Well the OE 75a7b0 seems to have a little higher read average and peak, but has a 3ms disadvantage to my original SE16. This will probably end up being the backup drive.

The Caviar Blue seems to be the best of the bunch really, higher average and peak, slightly better seek, but still slower than my G/F's 6400AAKS Blue 00a7b0 drive, I'm thinking I might copy her stuff to one of my SE16's and raid the blue's together and use the other SE16 as a backup drive. Here's her drive results:


----------



## Kursah (Apr 5, 2009)

I decided to raid the first and third drives together (007ab0 se16 and 227ab0 blue), these are the results. Stripe set at Intel default 128k (max on intel chipset raid), I'm content for now.












I am considering adding a 3rd 6400 to the raid now...we'll see..with the 900 I don't want more than one drive bay utilized. Is that decent for a couple 6400aaks drives? I'm sure they don't compare to the black series of drives, but on a budget I'm pretty content.


----------



## mlee49 (Apr 5, 2009)

Very Nice numbers there! I love how my 320AAKS's raid.  Almost as nice as yours:





I think a drive may be failing so I'm gonna look into reformatting or possibly replacing through WD.


----------



## Kursah (Apr 5, 2009)

Thanks man, that is pretty solid results from those 3200's for sure. Your burst indicates you don't have write back cache enabled...can I ask why? I did on my wd400 raid and had no issues, I know some don't as a precaution so I'm still learning a little raid-wise. Why do you feel your WD's are failing?


----------



## mlee49 (Apr 5, 2009)

After benching the volume for longer than 5min I get locked up and have to restart.  My Raid setup flags one of the drives as an error but then will boot after.

How do I enable write back cache?  In the Raid Bios or in Window's Intel Raidmax setup?


----------



## Kursah (Apr 5, 2009)

I enable in Intel Matrix Storage manager, right click the raid drive under Volumes, enable volume write-back cache. 

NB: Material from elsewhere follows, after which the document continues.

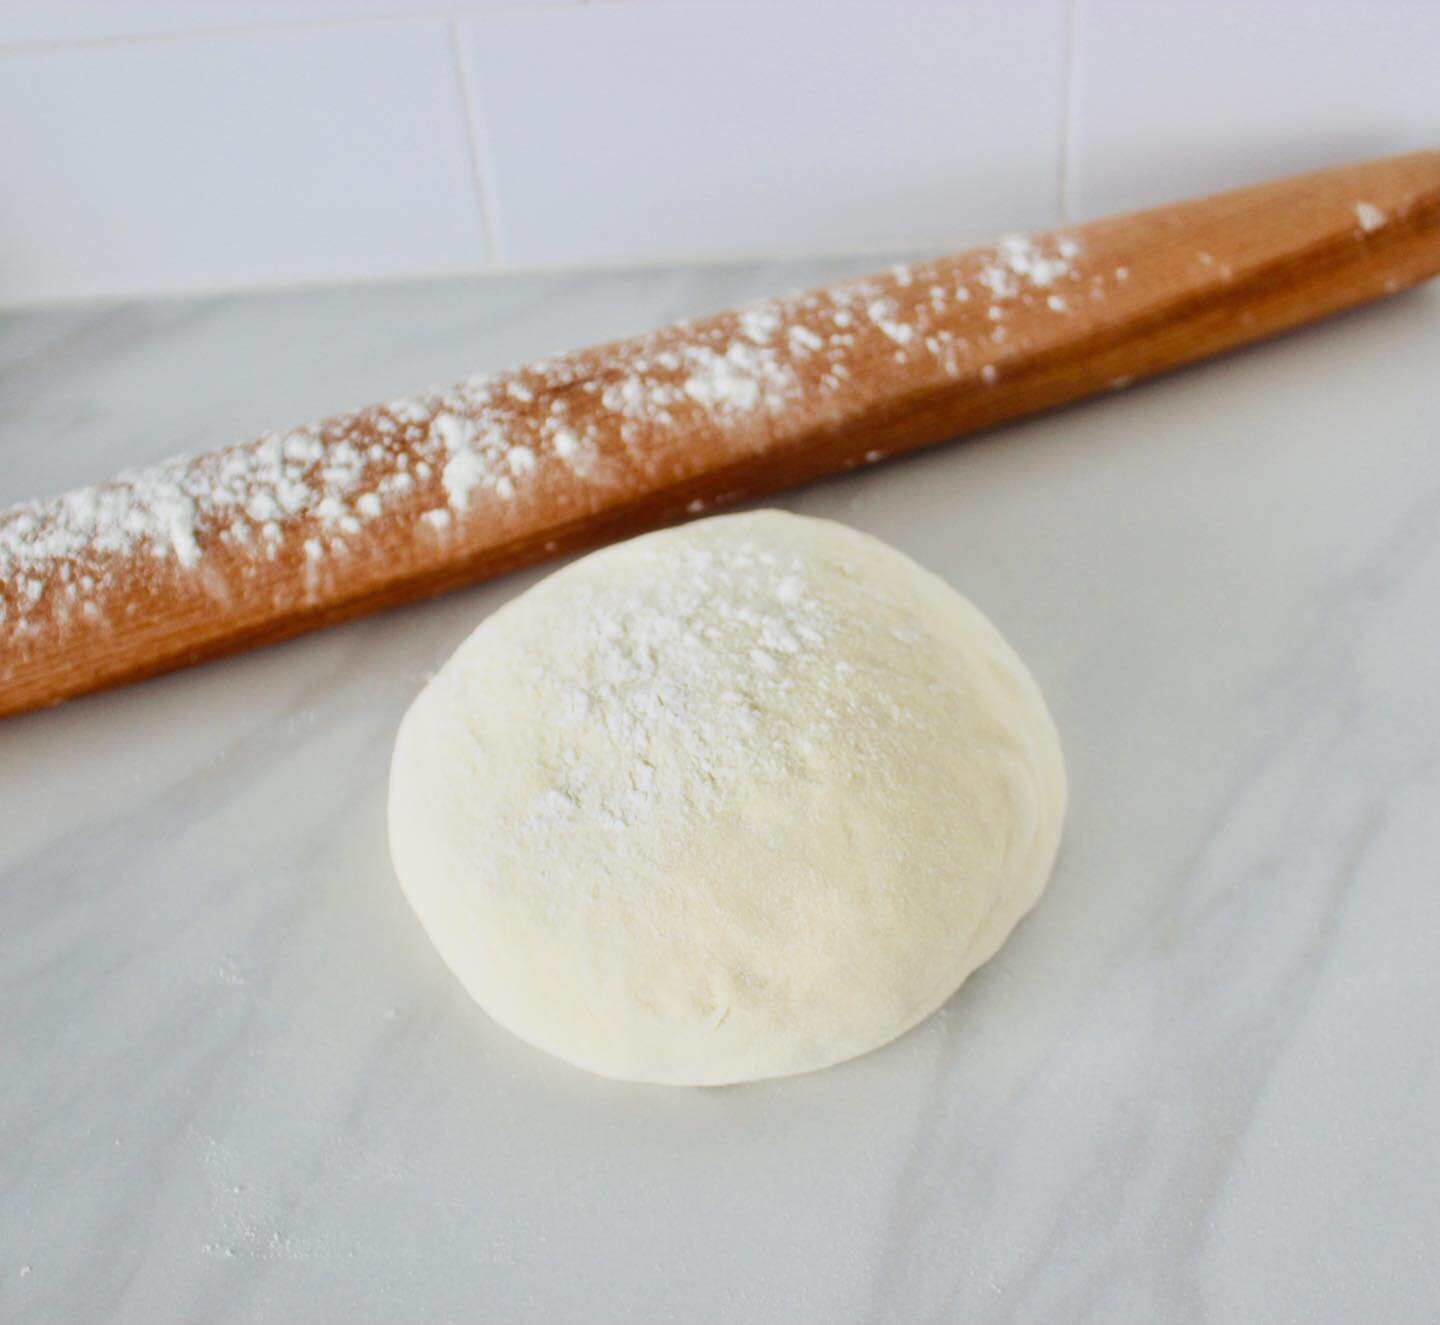 Don&rsquo;t forget to checkout our homemade dough section on the website where we have pizza dough, pizza kits, and fresh pasta in a variety of cuts. 🍕🍝

Any thoughts about adding a rustic loaf bread, delivered warm and made/baked to order?? 👀👀

Then under device manager, select your volume, properties, policies and enable advanced performance. Some recommend against doing this, but I've never had an issue from it.

Odd that you get a lockup like that..have you ran a scandisk to see if there are errors? Or ran the error checker in hdtune?


----------



## mlee49 (Apr 5, 2009)

Thanks for the details, I've got them enabled.  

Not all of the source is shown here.